* **WHAT TO PRODUCE**: Taking the data below, please print only the lines from the line holding "studentmedia_text_header" to the line holding "Goodrich Mud Terrain", inclusive, with pictures omitted.

* **RECORDS PROVIDED**:
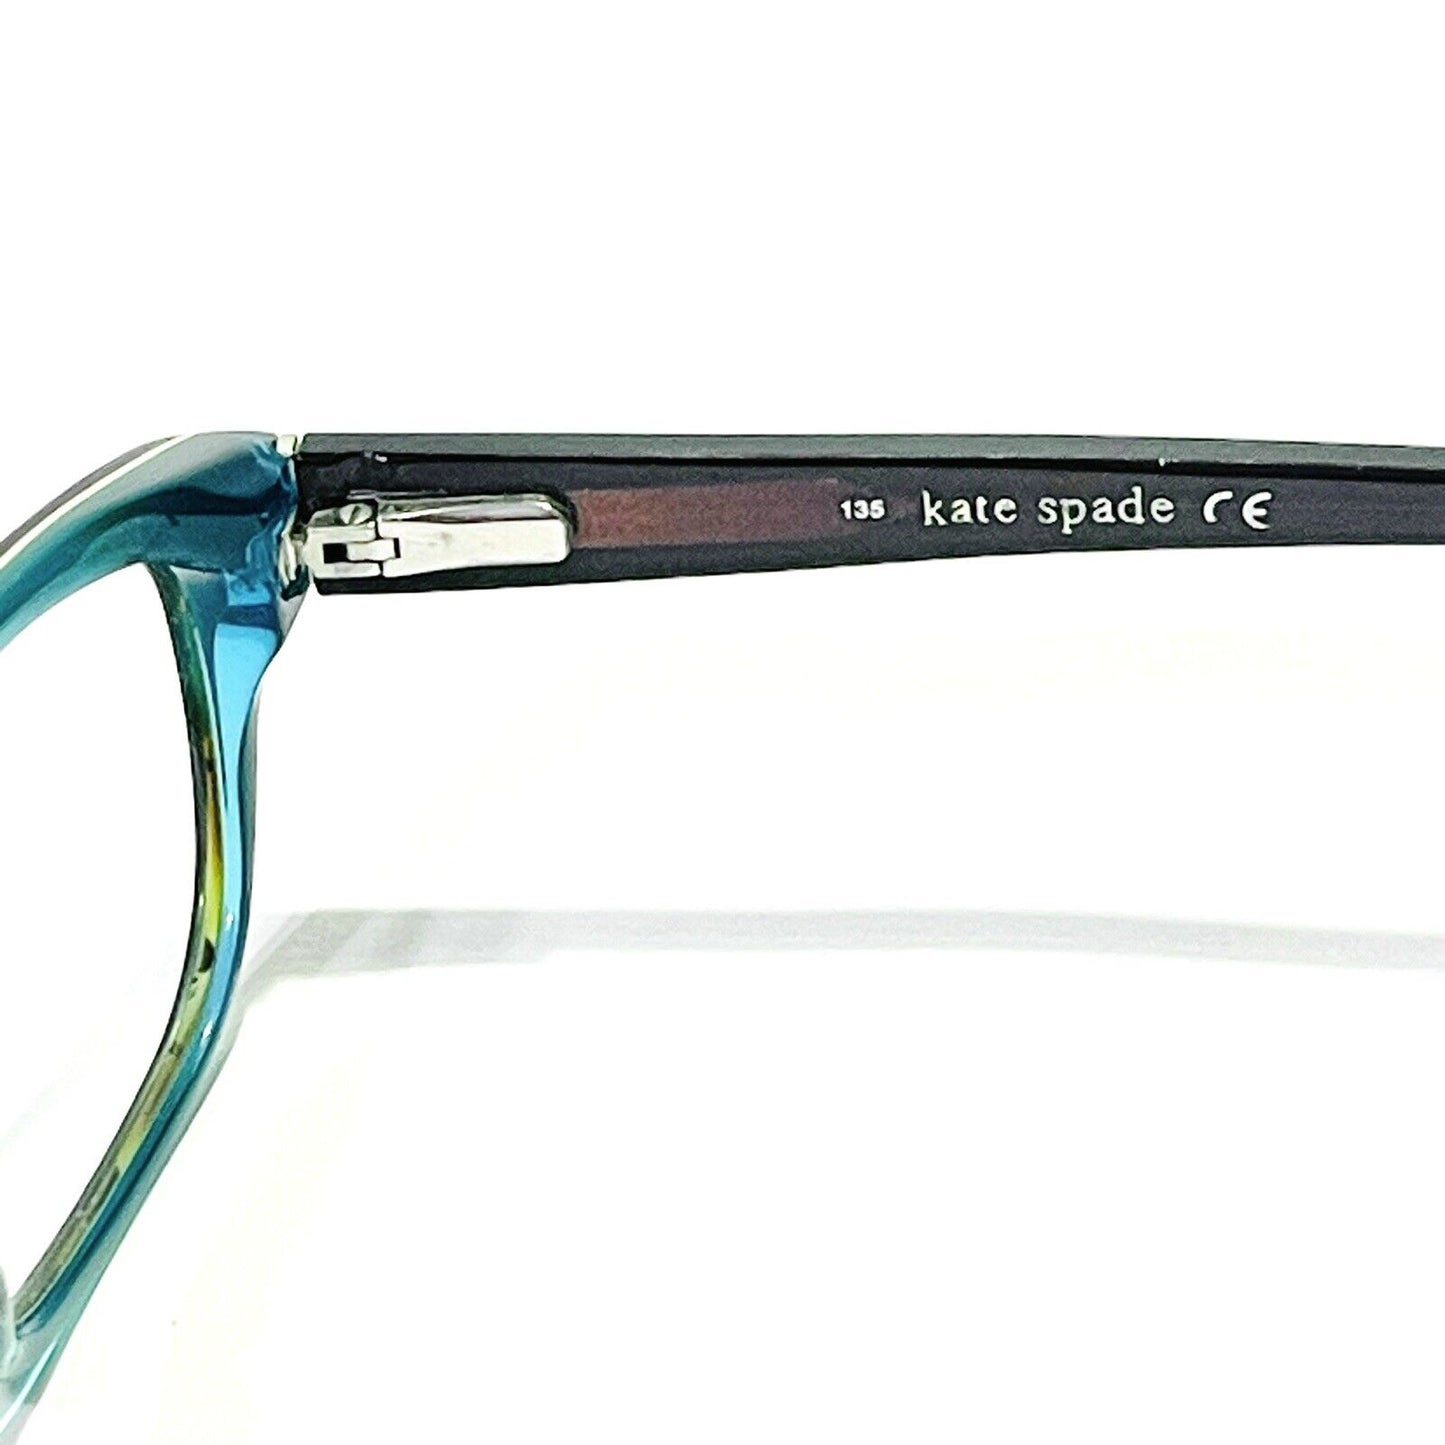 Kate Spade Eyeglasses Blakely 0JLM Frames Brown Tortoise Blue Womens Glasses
* * *
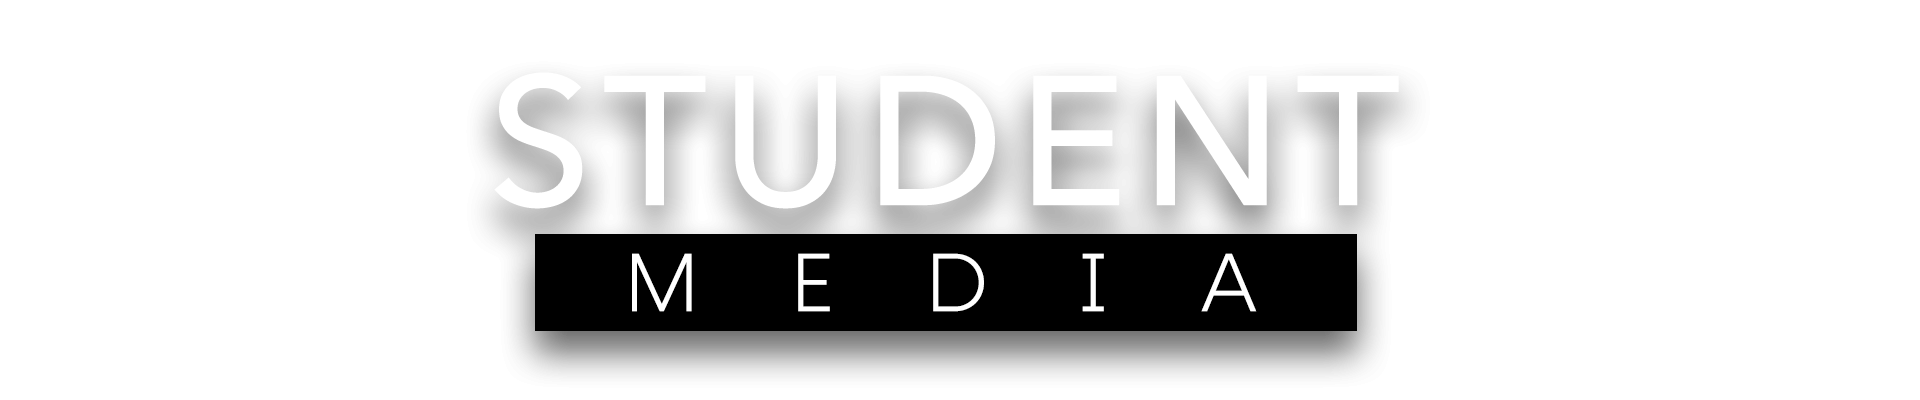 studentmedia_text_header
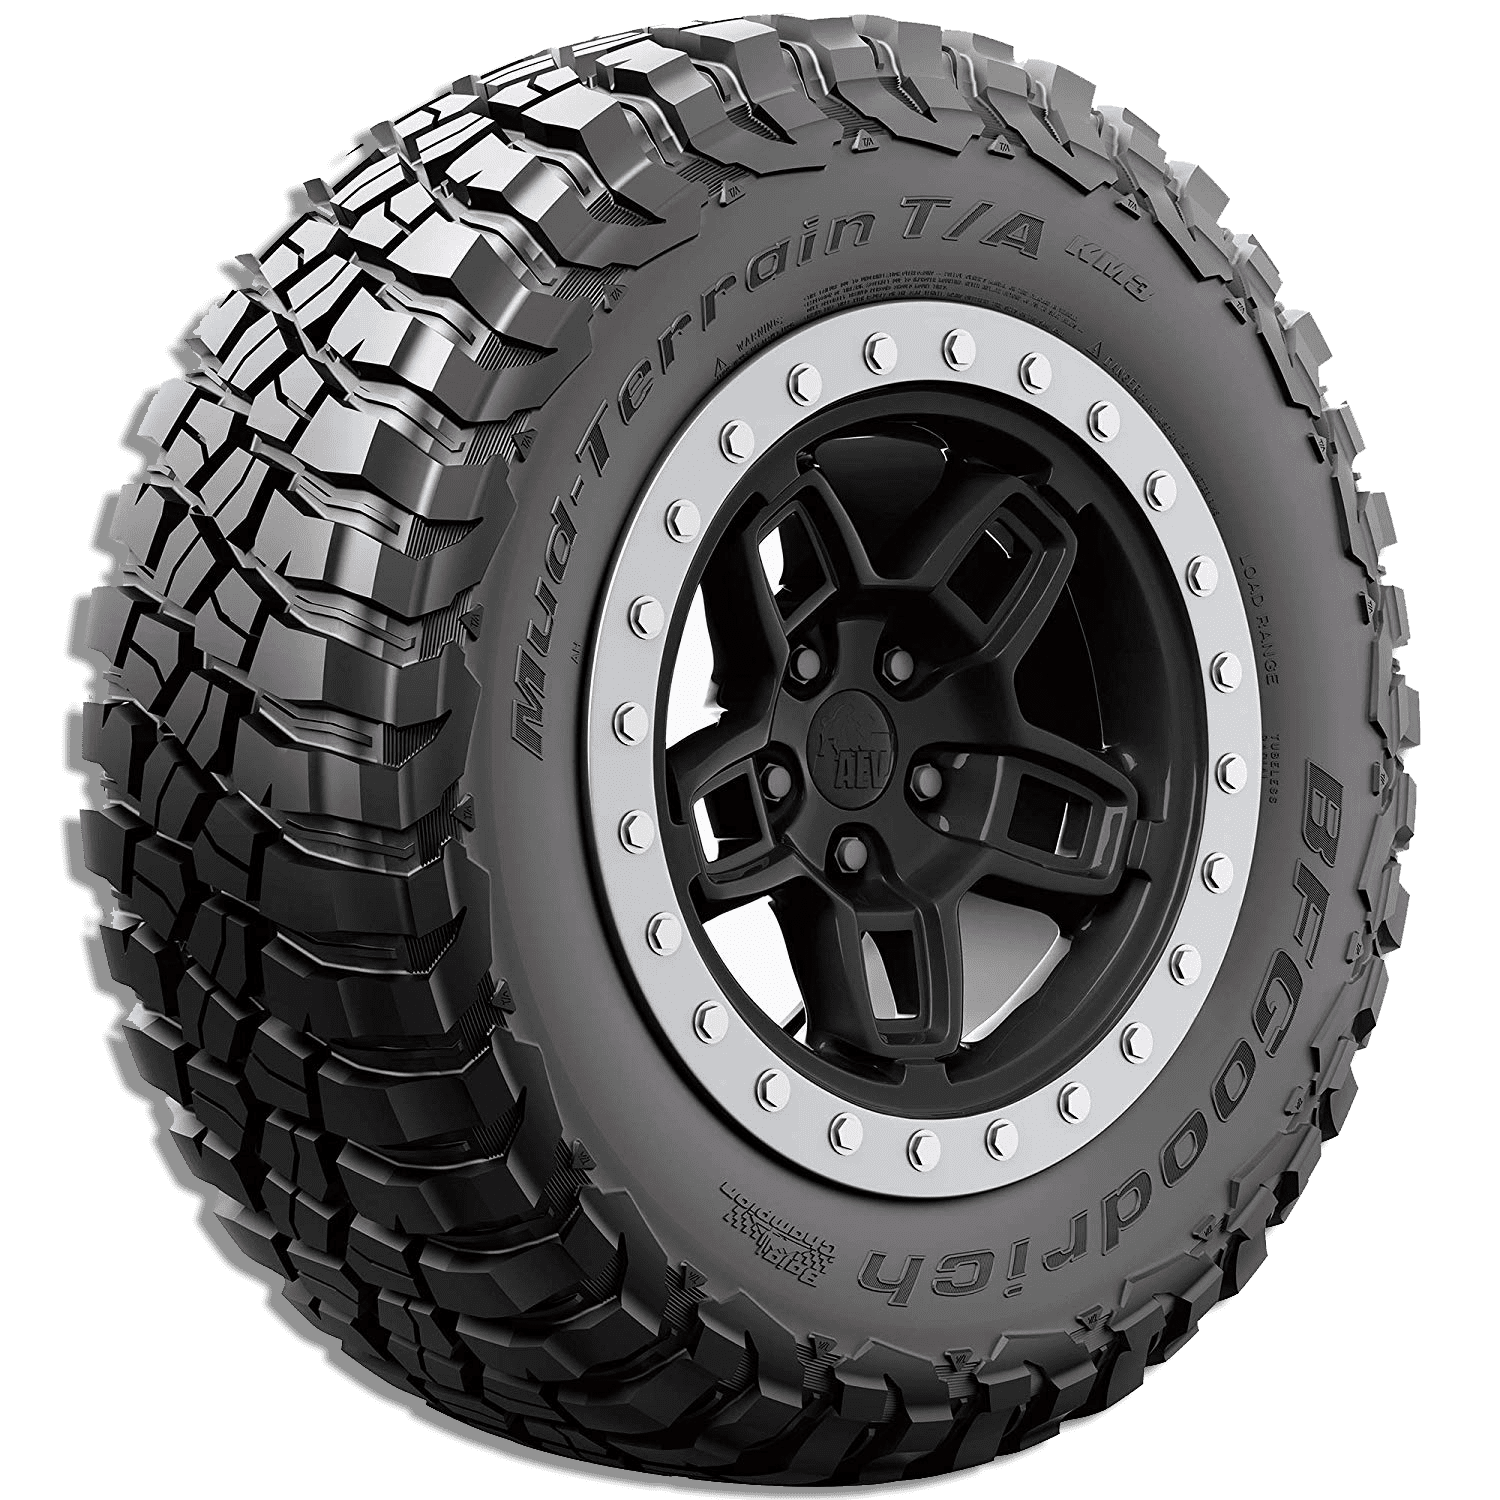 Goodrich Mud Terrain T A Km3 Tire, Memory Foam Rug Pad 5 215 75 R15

* **SOLUTION TO THIS EXERCISE**:
 studentmedia_text_header
 Goodrich Mud Terrain T A Km3 Tire, Memory Foam Rug Pad 5 215 75 R15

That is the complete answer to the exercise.